Doch das ist die Vergangenheit. Wie viele Objekte der Vebeg befindet sich U-25 heute in einem beklagenswerten Zustand. In den Papieren heißt es: "Motoren, Generatoren und technische Ausrüstungsgegenstände sind unvollständig und defekt. Der Propeller fehlt und gehört nicht zum Losbestand. Die Blei-Fahrbatterien sind tiefentladen und kurzgeschlossen."

Schwimmen oder gar Tauchen kann U-25 nicht mehr, seitdem es in der Eckernförder Bucht Schockversuchen unterzogen wurde. Mitversteigert wird ein Ponton, der das Boot in Kiel über Wasser hält.
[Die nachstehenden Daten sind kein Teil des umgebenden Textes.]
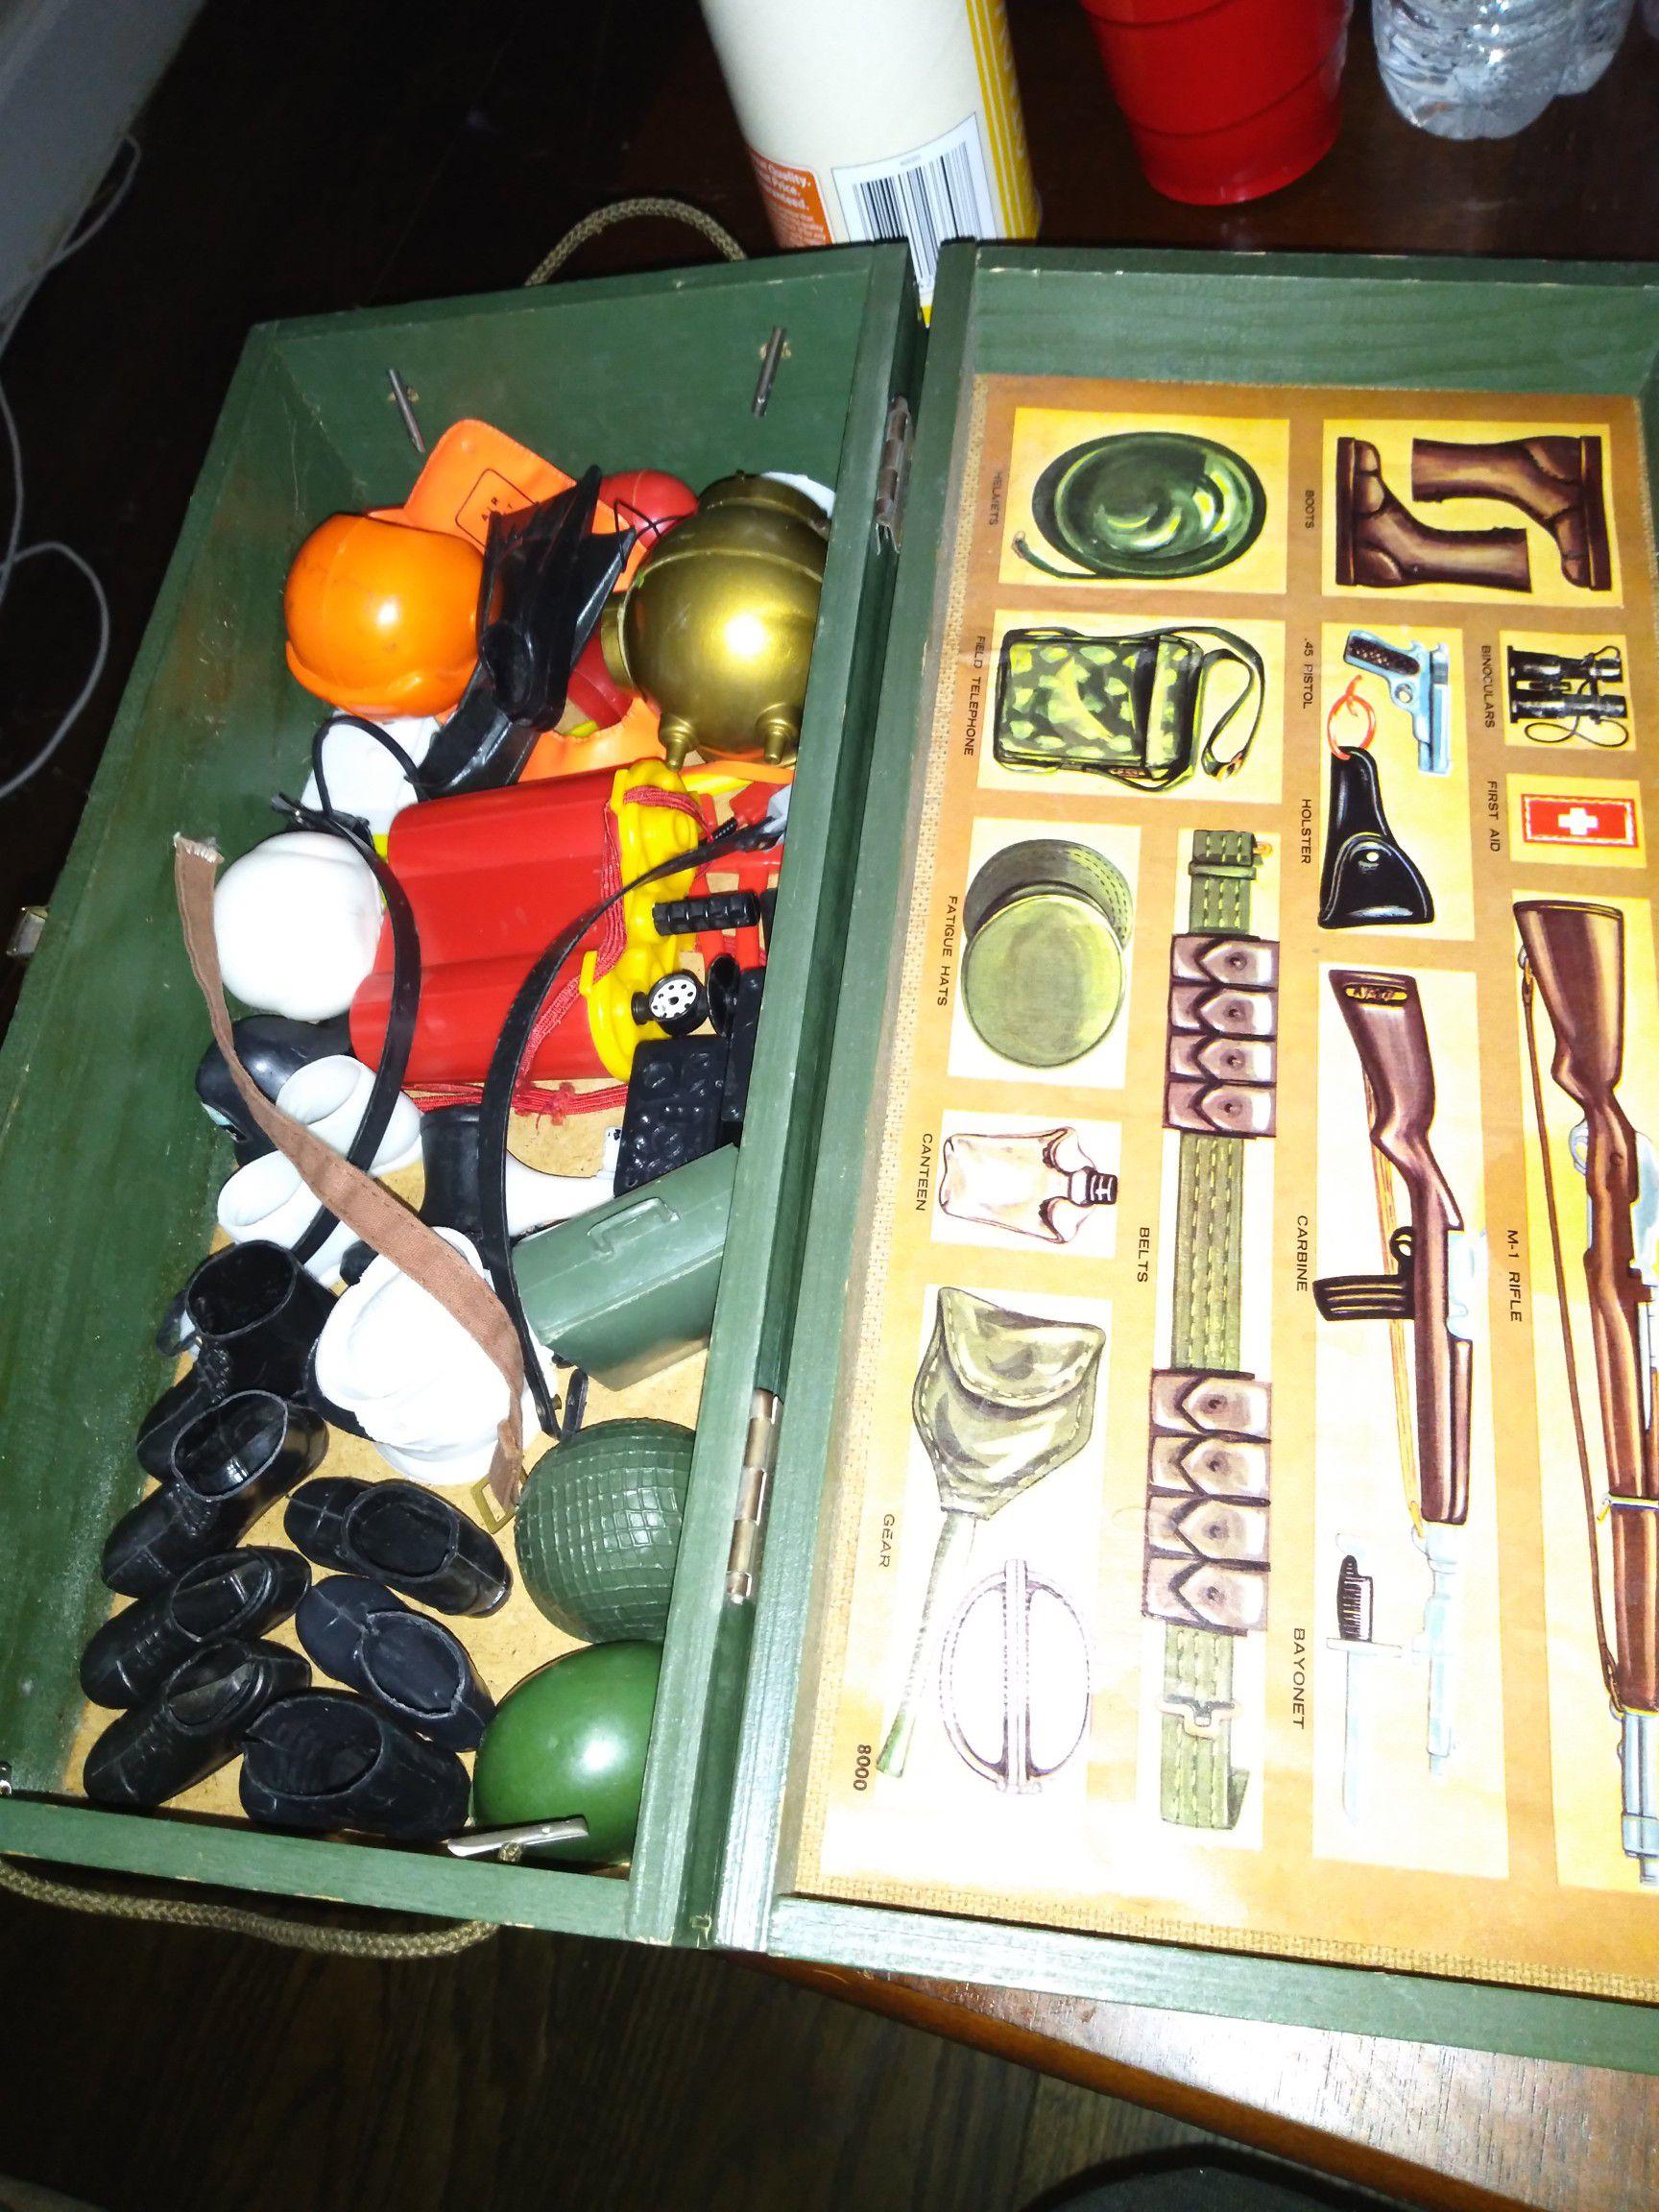 GI Joe along with accessories I'm building hub

Der neue Besitzer muss das Boot zudem weiter demilitarisieren.

Gefordert werden unter anderem:

- Zerschneiden der Torpedorohre.

- Zerstörung des Druckkörpers durch Einbringen von mindestens zwei Öffnungen von je 1,5 m x 2 m in den Druckkörper.

- Zerschneiden und Entfernen der Innenwände der Trimm- und Regelzellen.

Danach kann man das über 50 Meter lange Boot nur noch verschrotten oder als Ausstellungsstück in den Vordergarten stellen. Am 11. und 12. Juni kann das Boot im Marinearsenal Kiel besichtigt werden. Gebote werden bis zum 25. Juni entgegengenommen.